■ Information shown ■
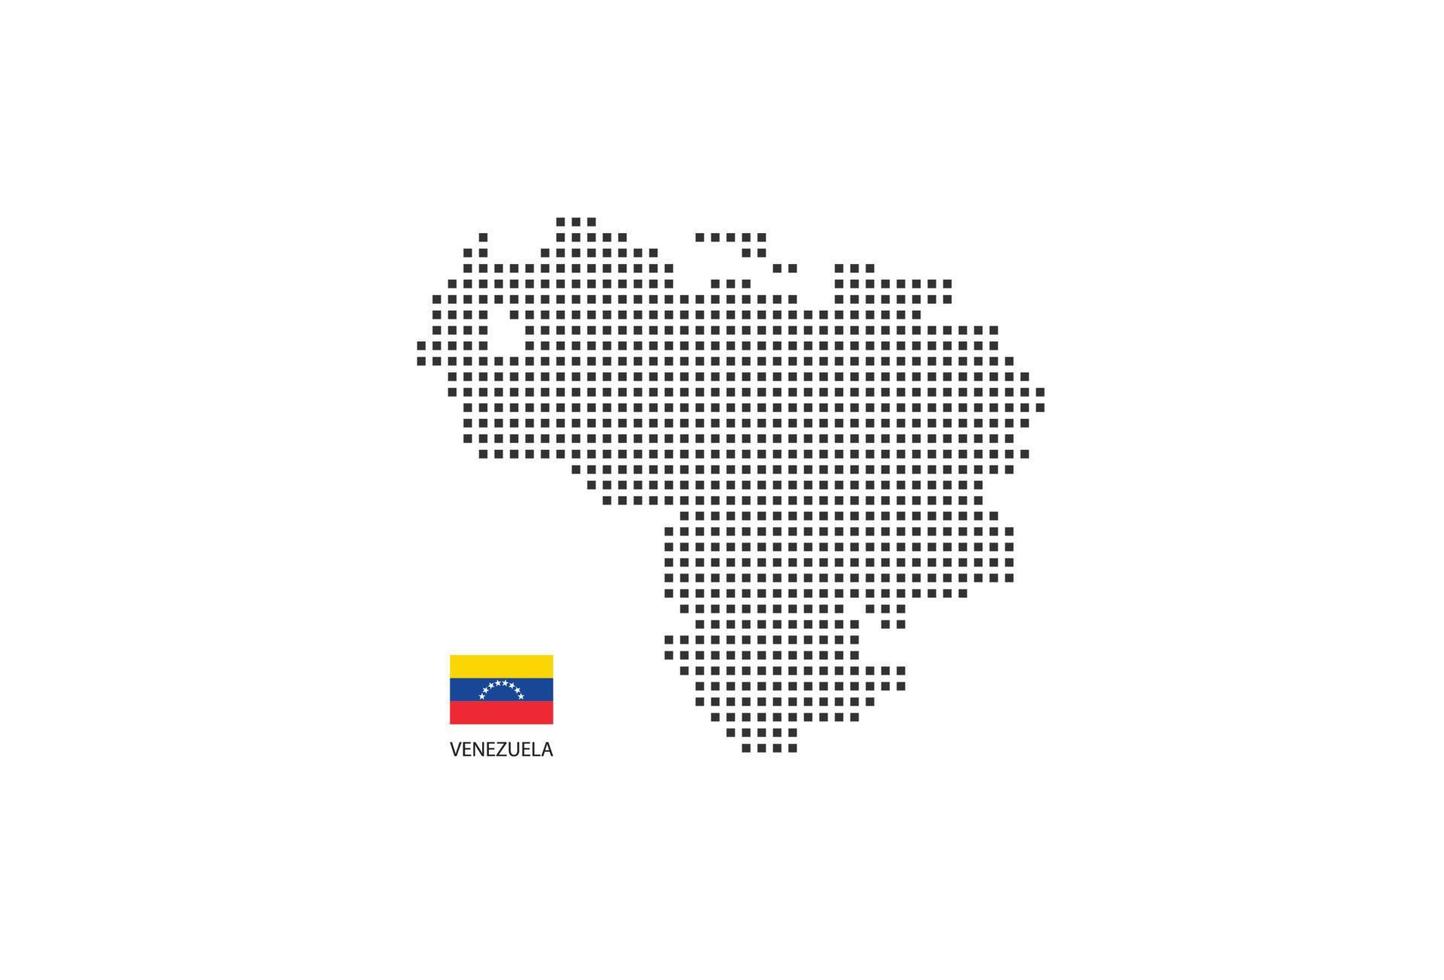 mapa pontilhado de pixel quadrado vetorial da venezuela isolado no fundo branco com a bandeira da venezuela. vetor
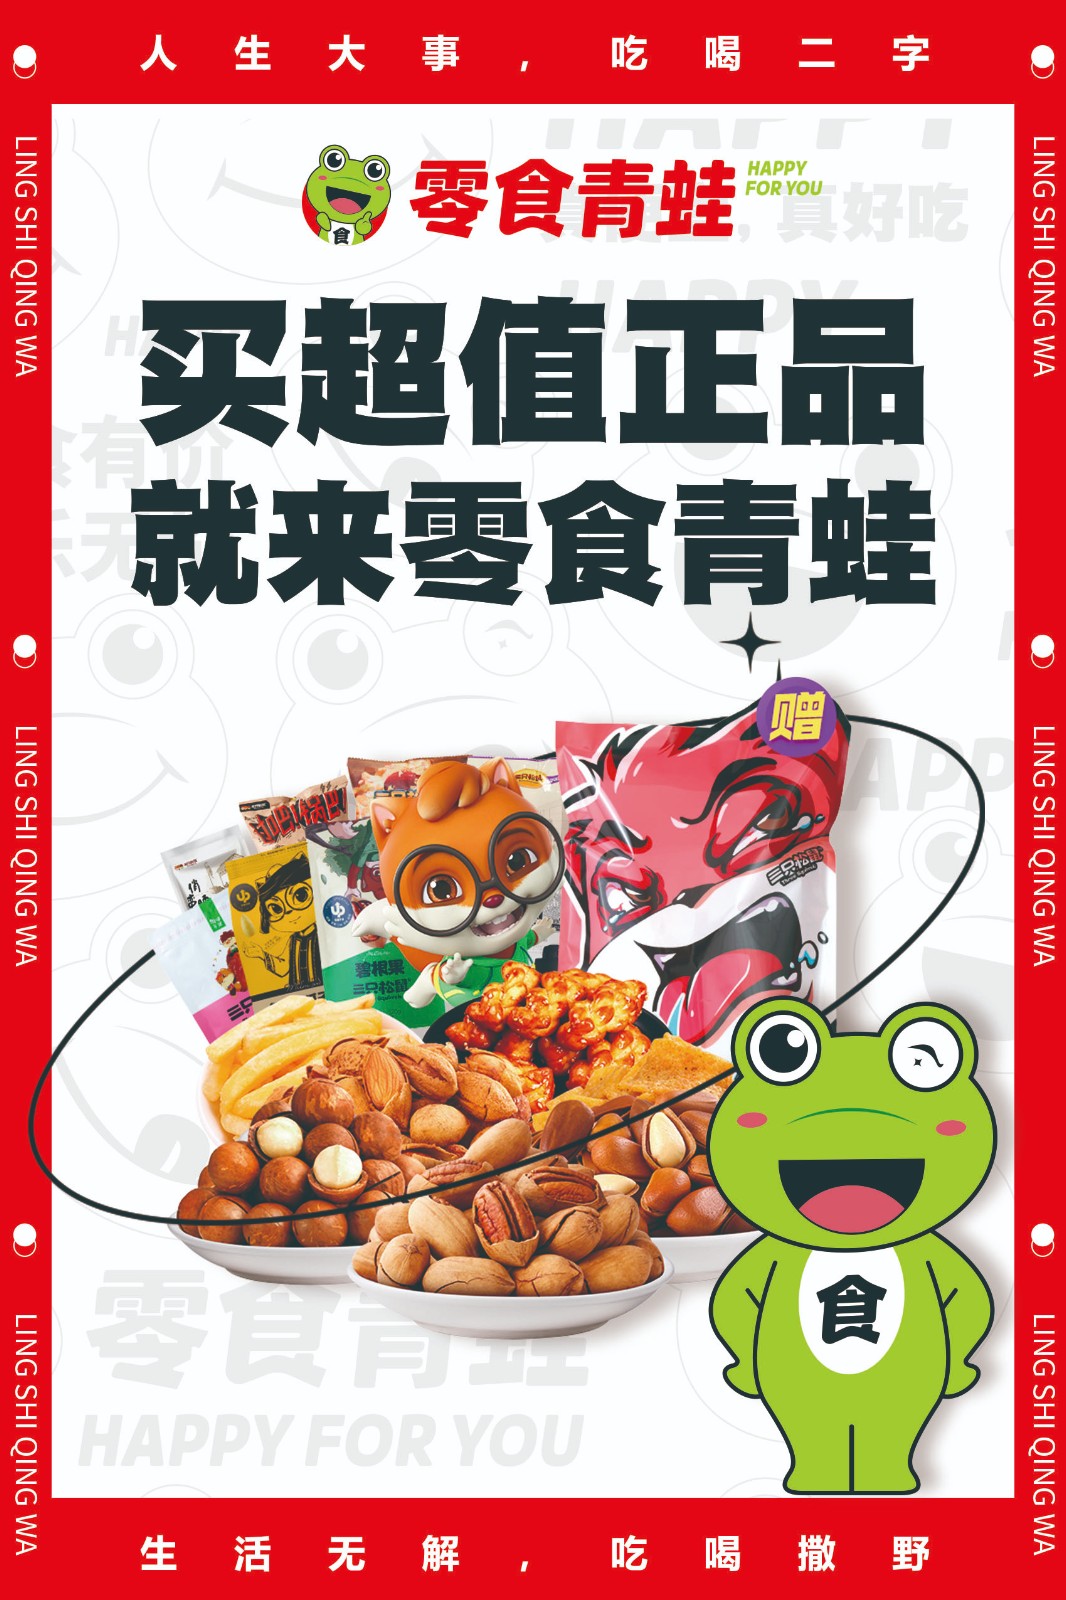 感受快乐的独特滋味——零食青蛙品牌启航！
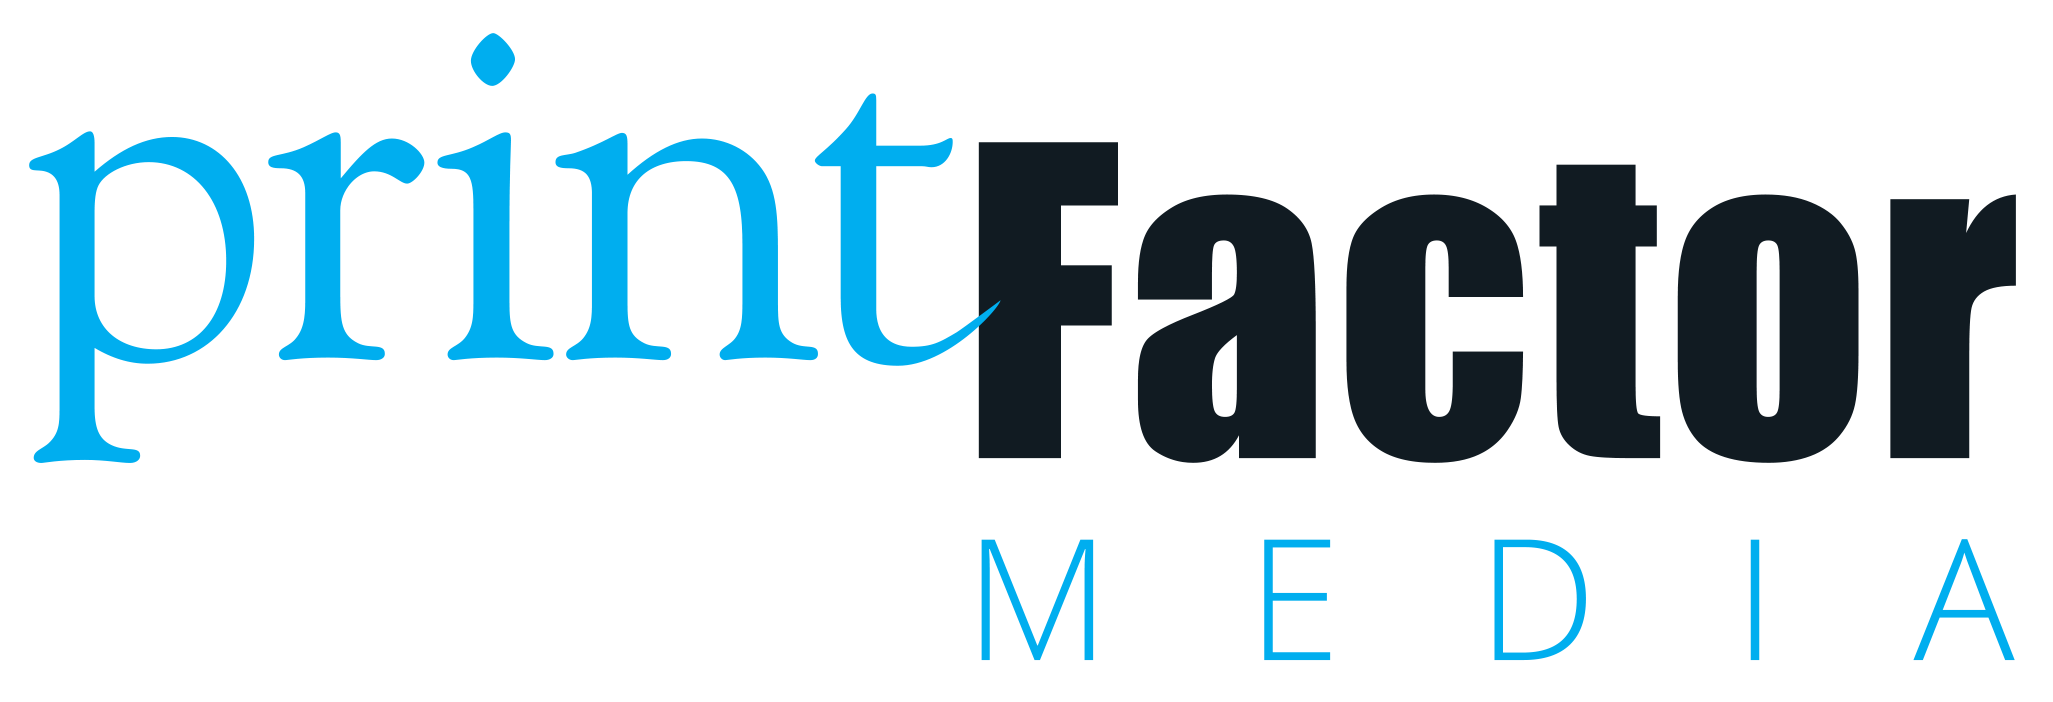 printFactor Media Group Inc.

■ What the task requires ■
Exactly as written, return every line of the listing, but not the pictures.

■ Output for this exercise ■
 mapa pontilhado de pixel quadrado vetorial da venezuela isolado no fundo branco com a bandeira da venezuela. vetor
 感受快乐的独特滋味——零食青蛙品牌启航！
 printFactor Media Group Inc.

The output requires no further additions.